A clear and immediate consequence of this upcoming work: If this were complete, in the recent example of canister vrnyn-miaaa-aaaao-aaaba-cai, even if DFINITY’s HTTP gateways did not serve canister vrnyn-miaaa-aaaao-aaaba-cai to US or Swiss users, the canister developer (or anyone really) could spin up their own HTTP gateway and serve the content vrnyn-miaaa-aaaao-aaaba-cai themselves.

2.4 Which entities run Boundary Nodes currently?

While consensus nodes are fairly decentralized (with increasing number of nodes and node providers), as of January 2023, only DFINITY runs BNs. Worth stressing again that the BNs do not affect anything on-chain.

The reason has to do with security: until the boundary node roadmap to replace “boundary node” architecture is complete, it is not secure (yet) to have more entities running boundary nodes (I am skipping the technical details for simplicity).

And yes, DFINITY as the only entity running BNs is an intermediate phase that will soon be over (ETA Q2 2023) and anyone in the community will be able to run their own HTTP gateways or API boundary nodes

2.5 How will more “HTTP gateways” and “API Boundary Node providers” help?

Few obvious benefits:

  1. The thesis is that in a world with hundreds or thousands of HTTP gateways providers, if a user is looking for canister X, there will be some HTTP gateway provider that is willing to serve that canister (perhaps it’s the canister’s developer themselves).

  2. As an additional measure, users will be able target directly an API boundary node with an IC-native client (e.g., browser extension), which doesn’t exist yet, but could be built by any community member. Using a browser extension, one will be able to access a canister under icp://canisterid.

  3. iOS or android apps will be able to directly communicate with the API boundary nodes, so they will not need to trust the gateways nor the boundary nodes but can verify canister data directly using the ICP public key.

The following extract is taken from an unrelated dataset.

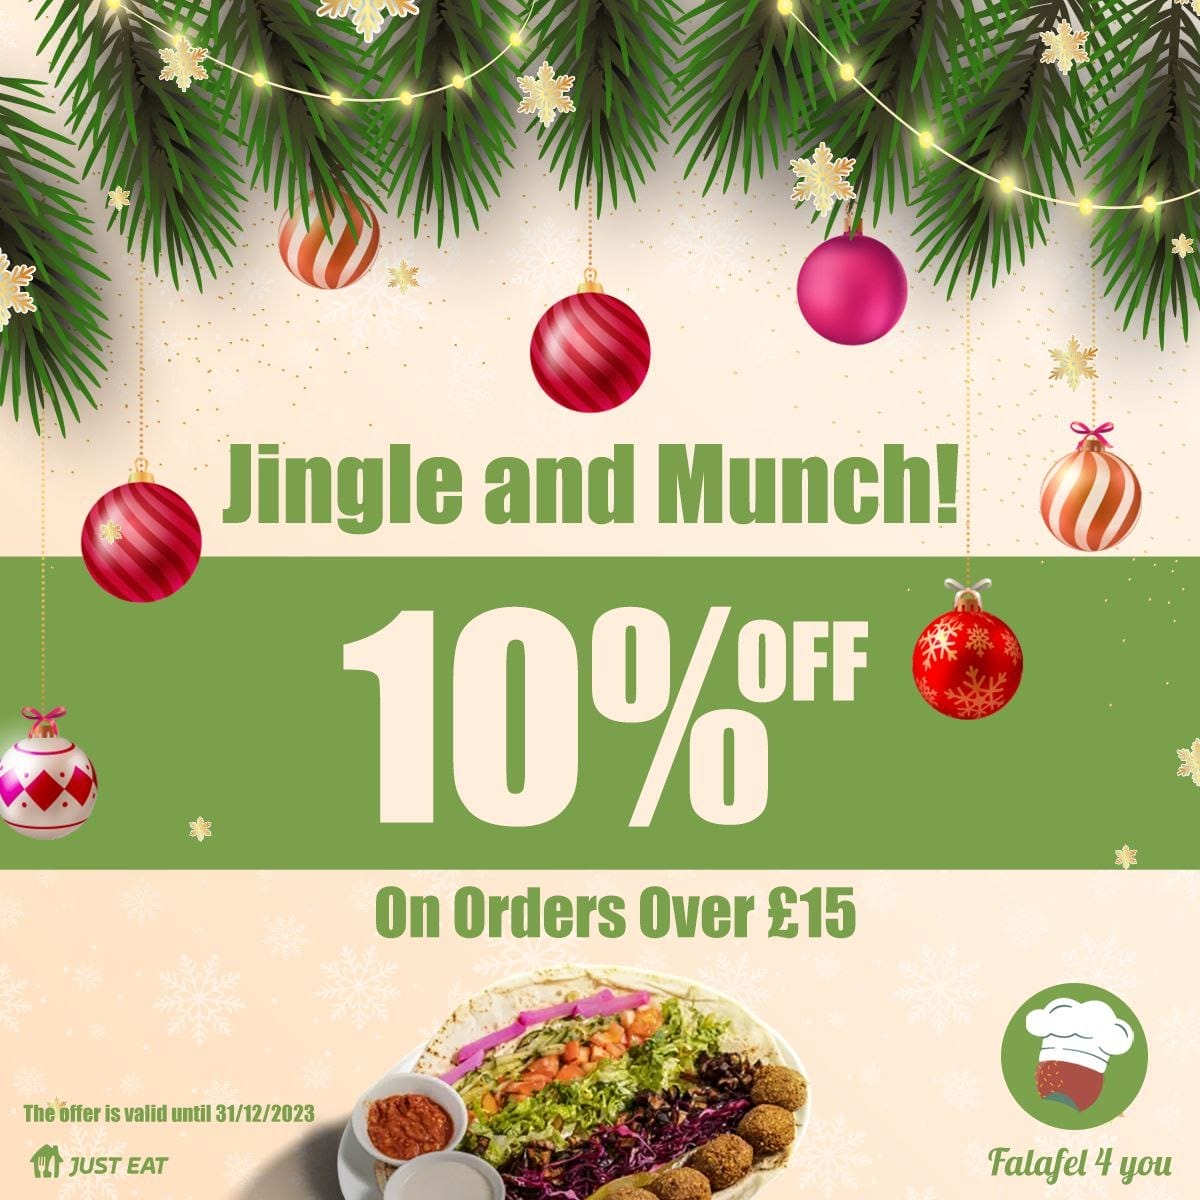 Enjoy 10% OFF on Orders Over £15 at Falafel4You!
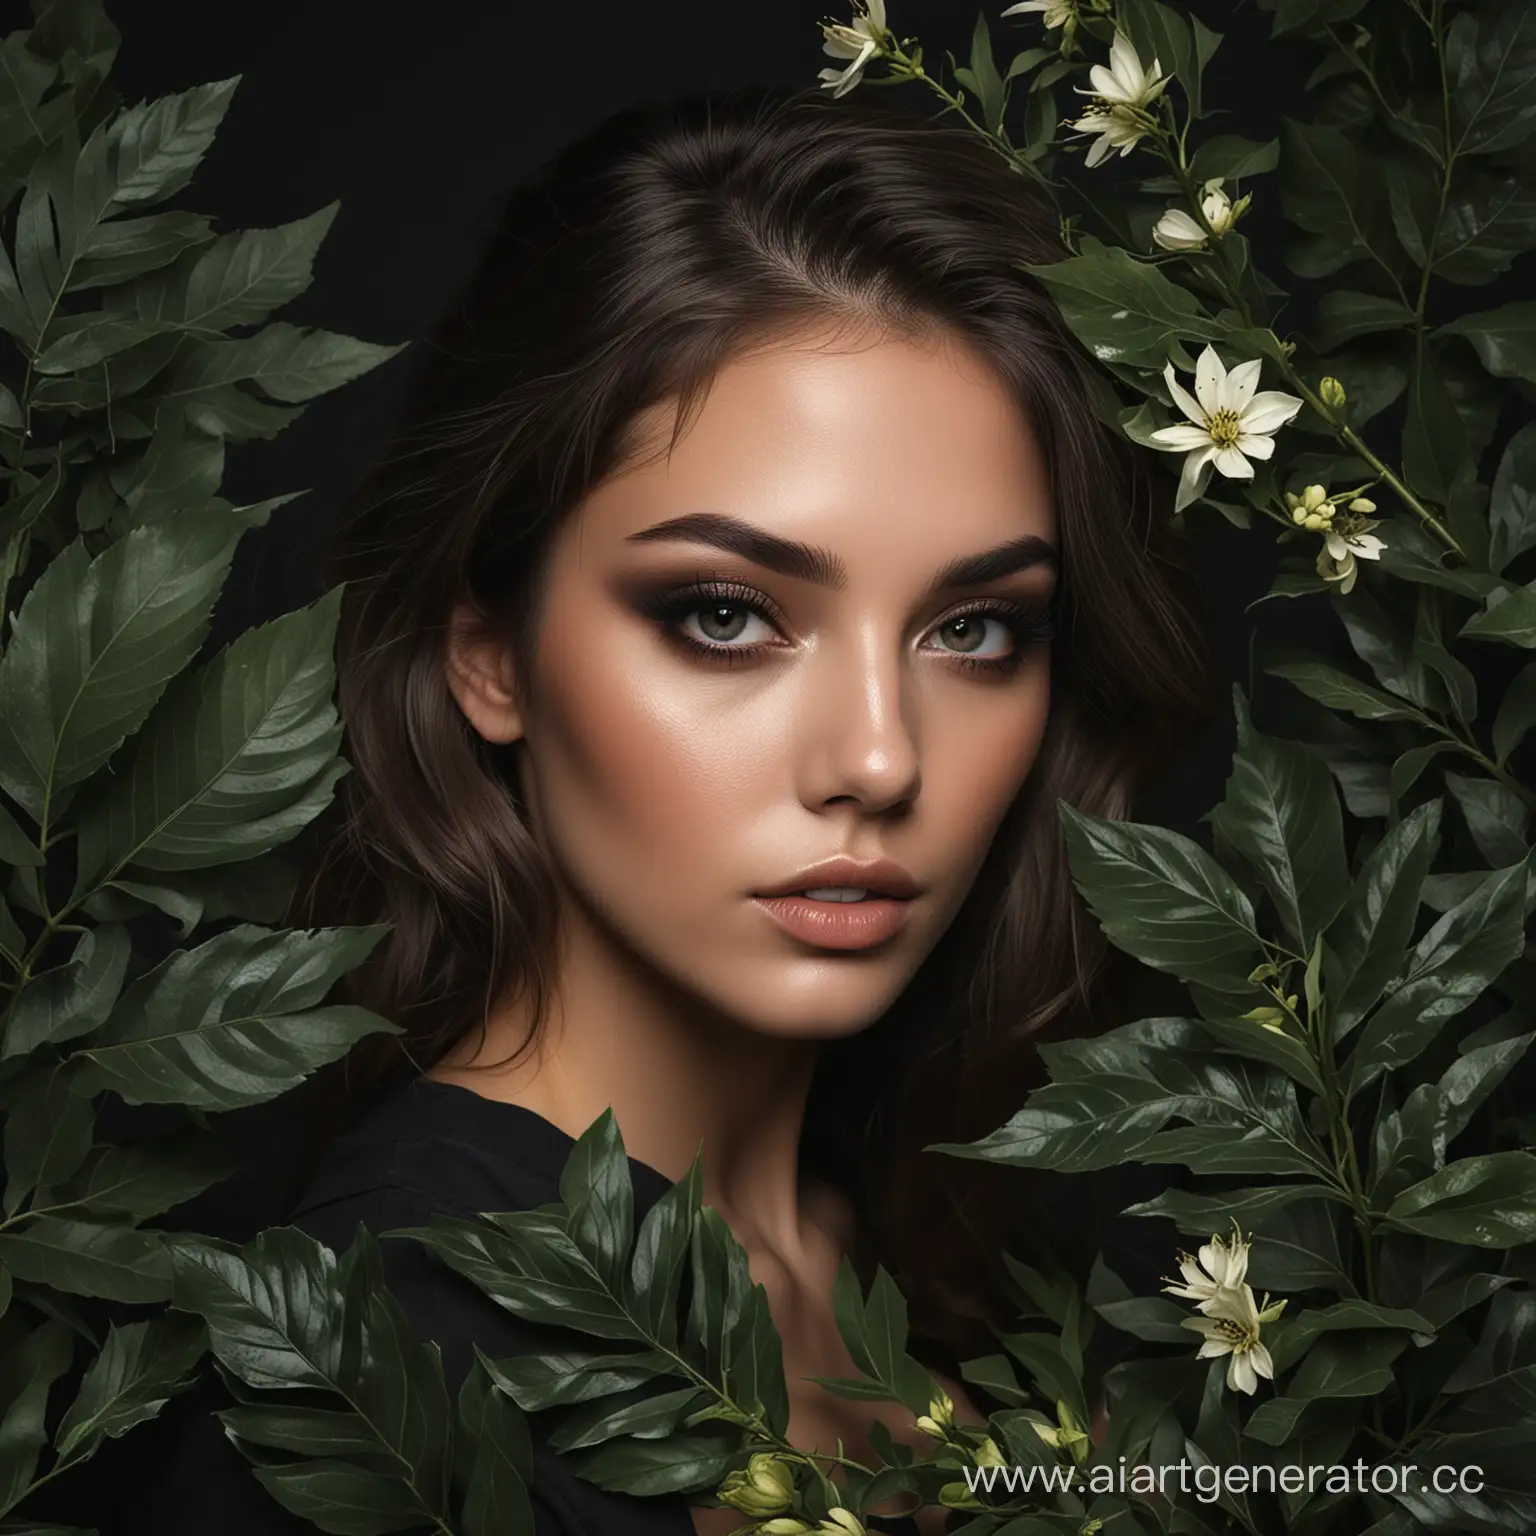 фото девушки, для косметологии, в цветах или листьях, эстетичное фото, с темным фоном, smoky eyes

2.6 If a canister developer does not trust other HTTP Gateway providers to serve a canister, would it not be easier for the developer to run their app on a single server instead of deploying to the IC and run their own HTTP gateway?

Simple: a canister developer can rely on the tamperproof qualities of the IC and its consensus… while relying on their own HTTP Gateway to guarantee access.

As an example, users may trust a lottery or defi smart contract on the IC because it is executed on multiple consensus nodes, but they may not trust it if it ran on one machine entirely in control of the developer.

2.7 How close is the IC to the new architecture?

As of January 2023, the Boundary roadmap is here and the IC is months (not weeks, not years) from having the new architecture composed of HTTP gateways and API boundary nodes.

Q1 2023:

  • The team starts implementing the new boundary node architecture that decomposes boundary nodes into “HTTP gateways” and “API Boundary Nodes”.

Q2 2023:

  • New architecture with HTTP Gateway and API Boundary Nodes is shipped

Q3 2023

  • Architecture will be managed by the NNS (API Boundary nodes are approved by NNS DAO).

2.8 If I want to create a dapp that is always accessible no matter the policies of BNs, what do I have to do? Are there any temporary solutions?

The obvious answer is “wait for the new architecture that does it right” then a developer can roll out your own HTTP Gateway (Or you can also provide an IC-native client that directly targets the API Boundary Nodes). Then you would not need to rely on anyone but yourself. In fact… unlike consensus nodes, which are rather beefy machines running in data centers to keep up with consensus, the design intent is that HTTP Gateways be so simple they could run from people’s homes.

However, the DFINITY R&D has come up with a few temporary workaround (and are looking into some more):

  1. A user could use something like a browser-extension. One can always directly target a boundary node with an IC-native client (e.g., browser extension), which doesn’t exist yet, but could be built by any community member.
  2. A developer who wants to go the extra mile could use IC Front (GitHub - dfinity/icfront ) and set up a custom domain so they do not go through ic0.app (DSCVR does this for example).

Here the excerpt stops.